Everything in the listing should be set down exactly, apart from the pictures.

→ Data excerpt:
__________________________________________________

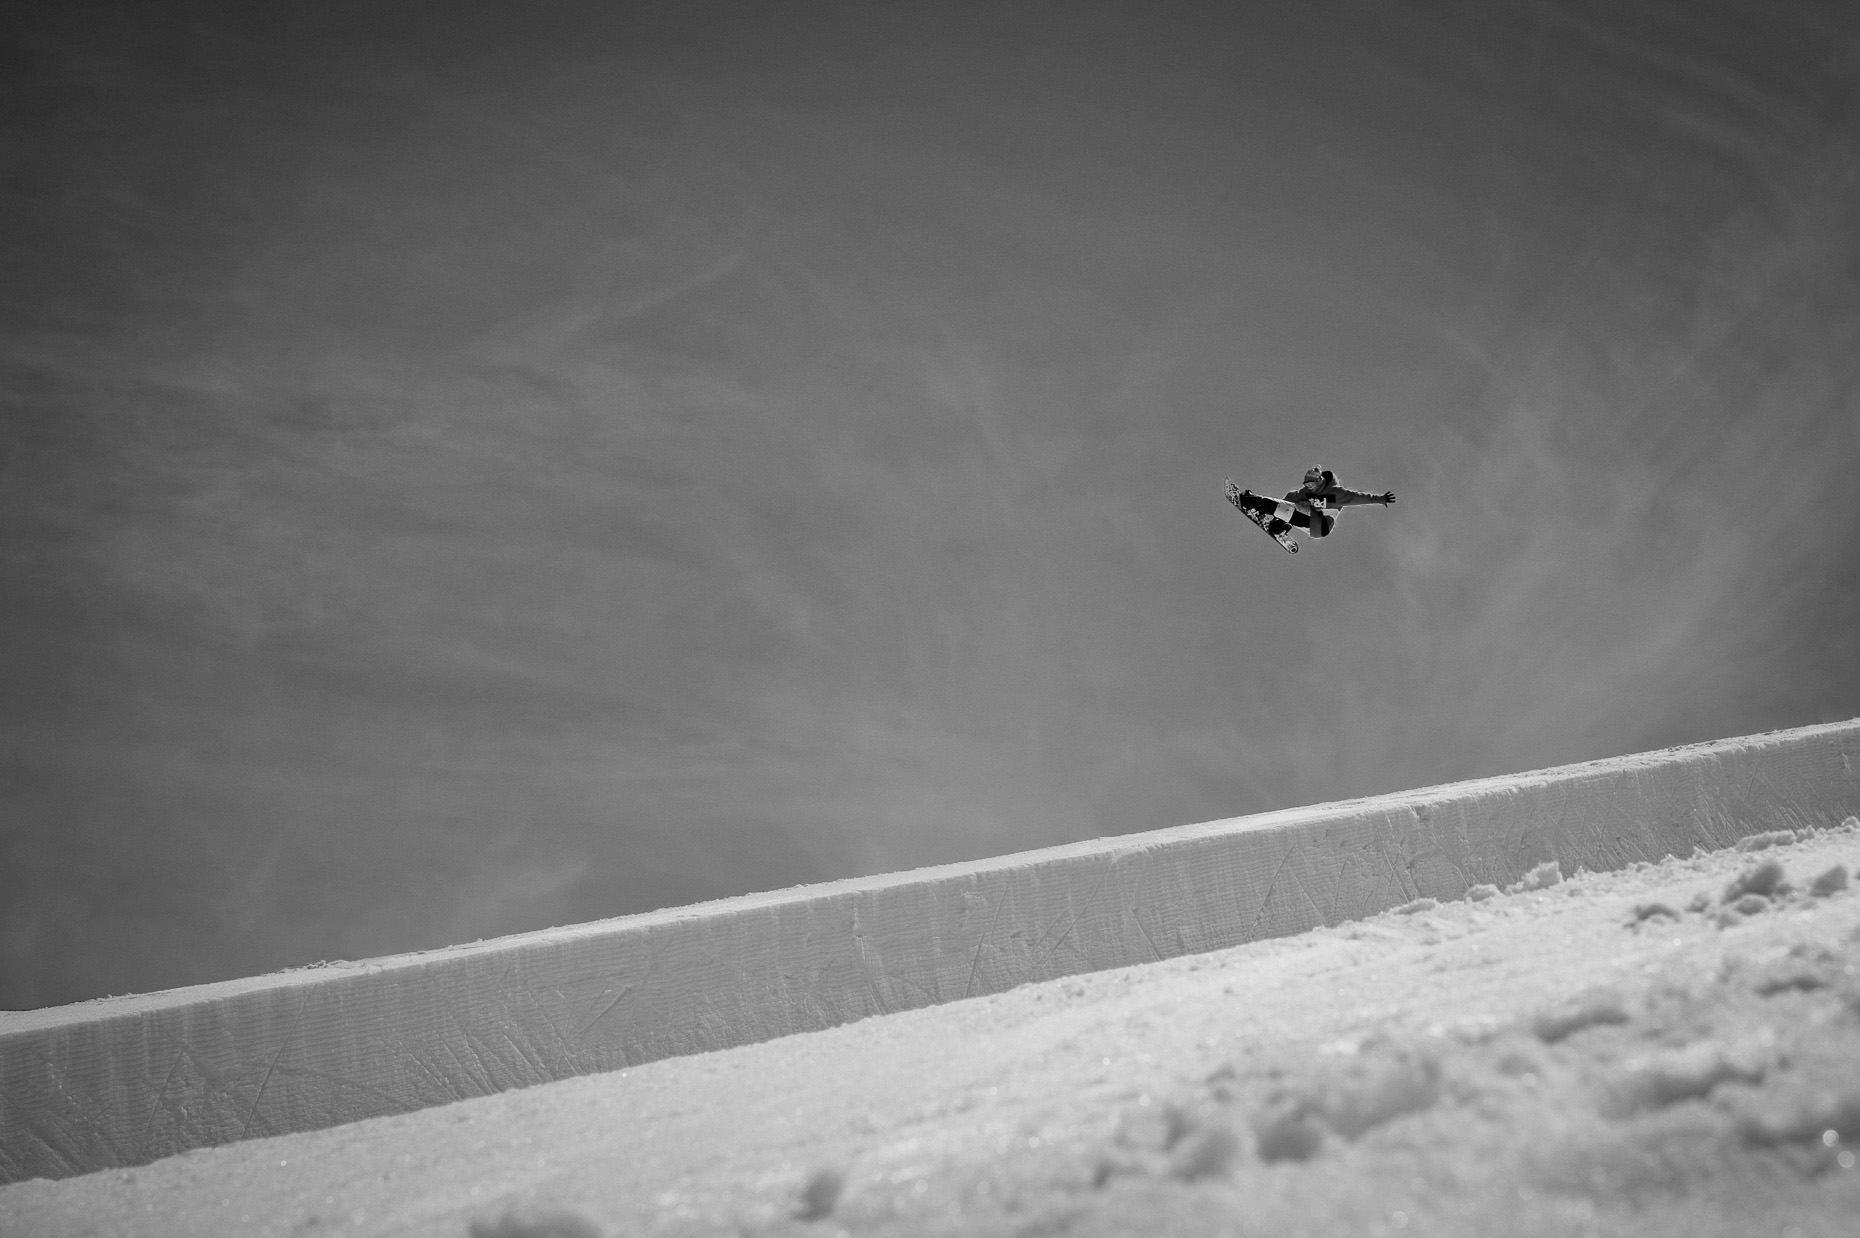 snowboarding_Christophe_Schmidt_ParkCity_April_2010_c_Brecheis-4852-2.jpg
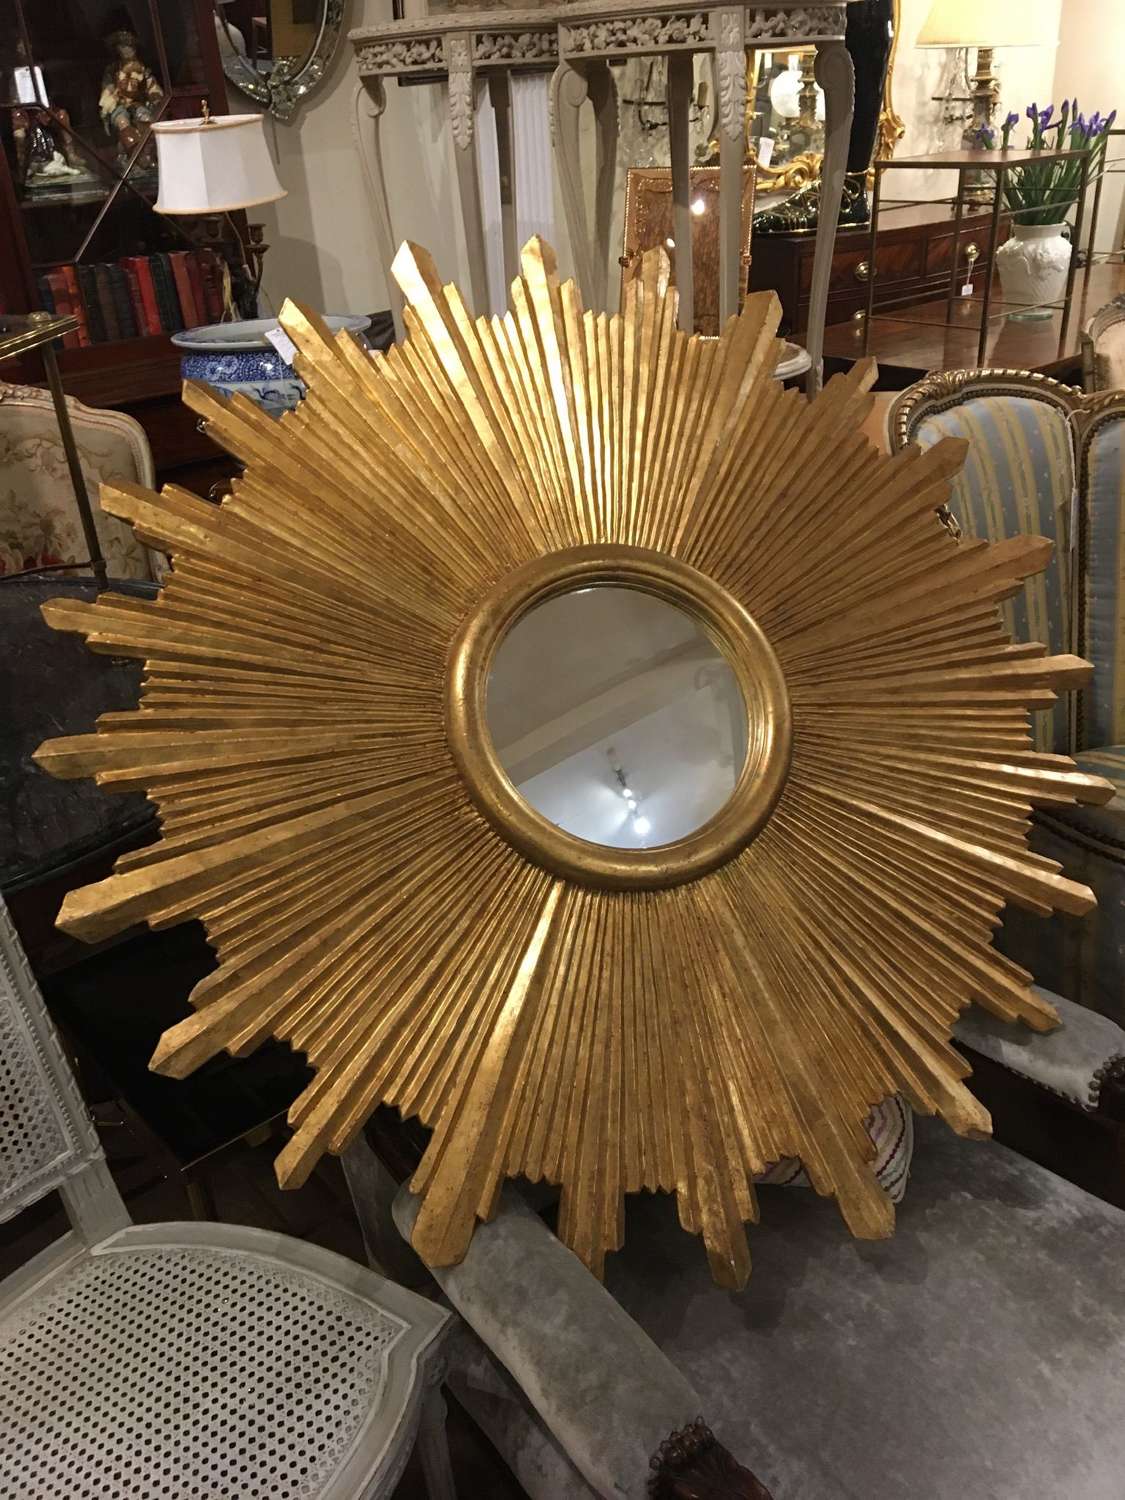 Very large sunburst mirror
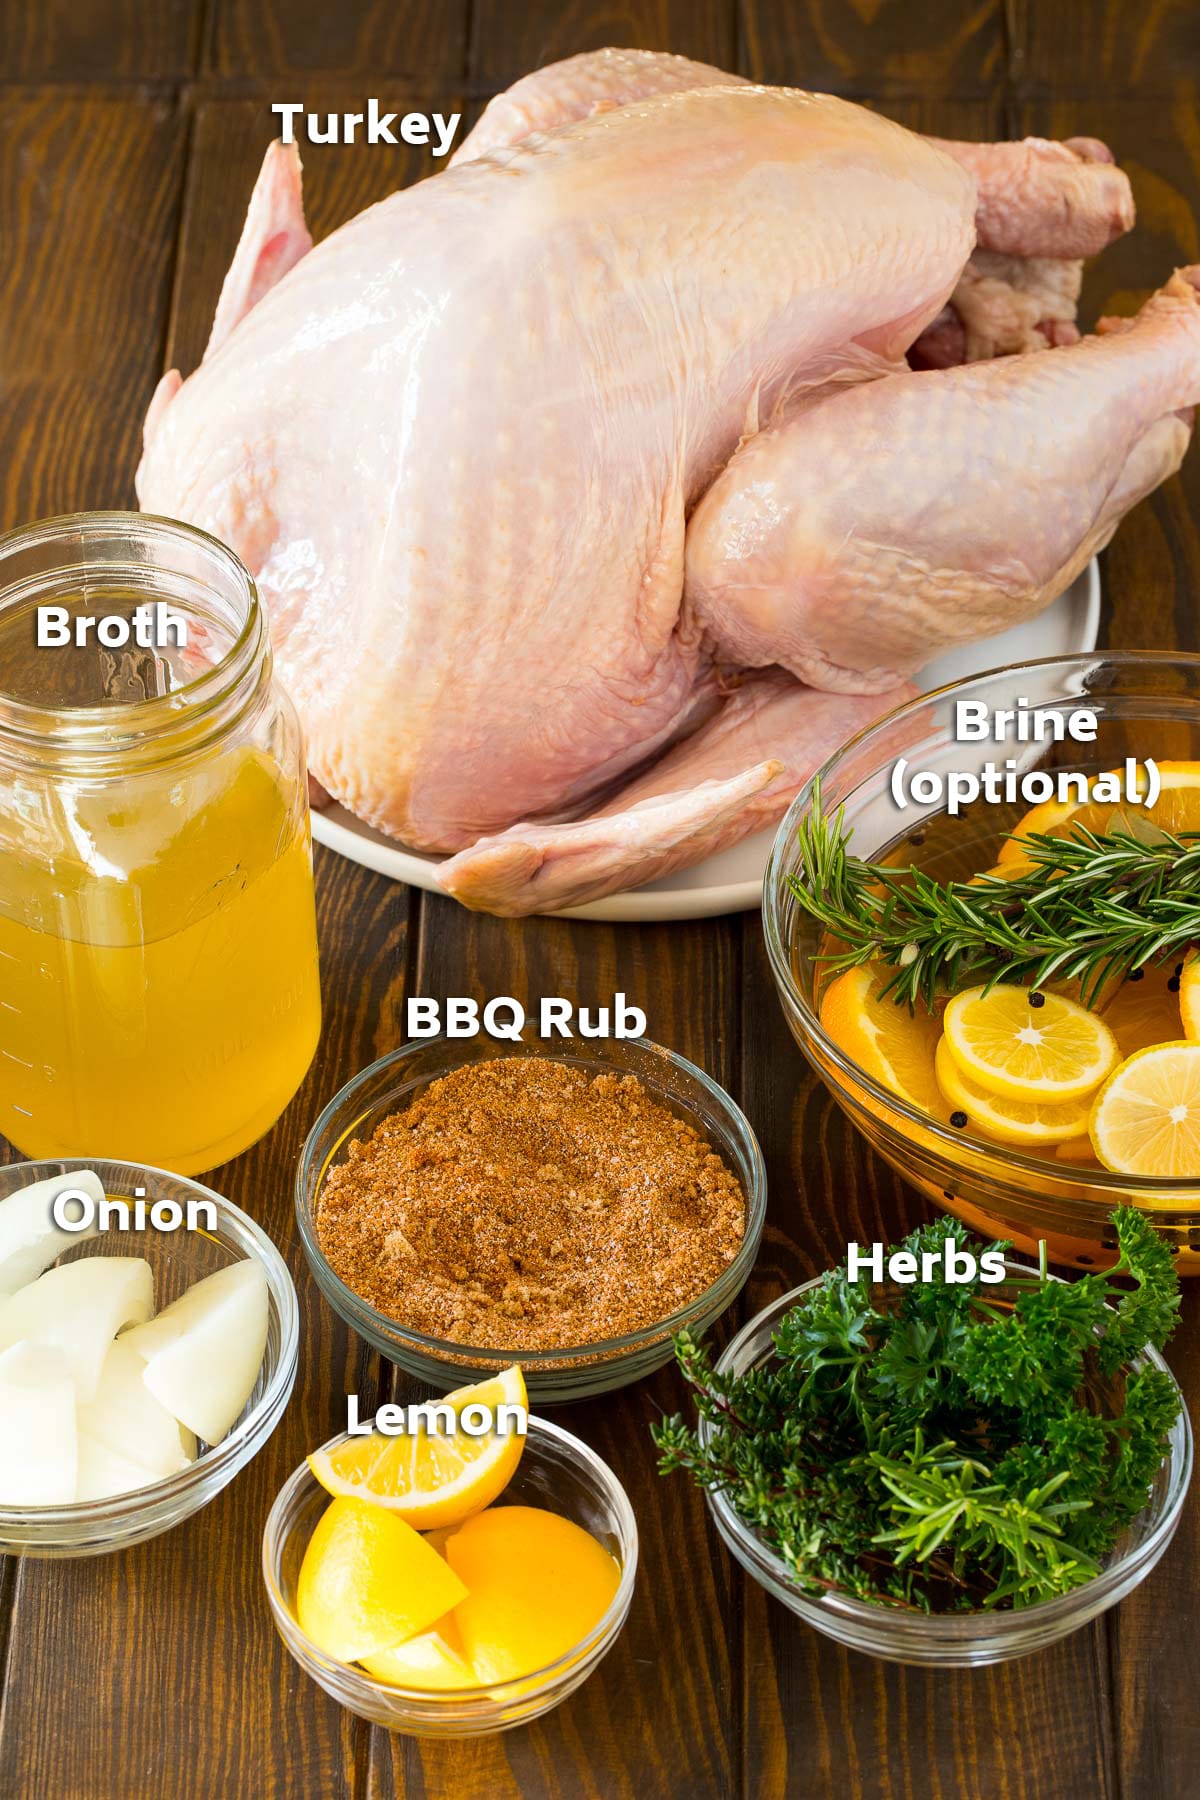 Ingredients including turkey, turkey brine, chicken broth, herbs, spice rub and lemon.

__________________________________________________

→ Reply:
 snowboarding_Christophe_Schmidt_ParkCity_April_2010_c_Brecheis-4852-2.jpg
 Very large sunburst mirror
 Ingredients including turkey, turkey brine, chicken broth, herbs, spice rub and lemon.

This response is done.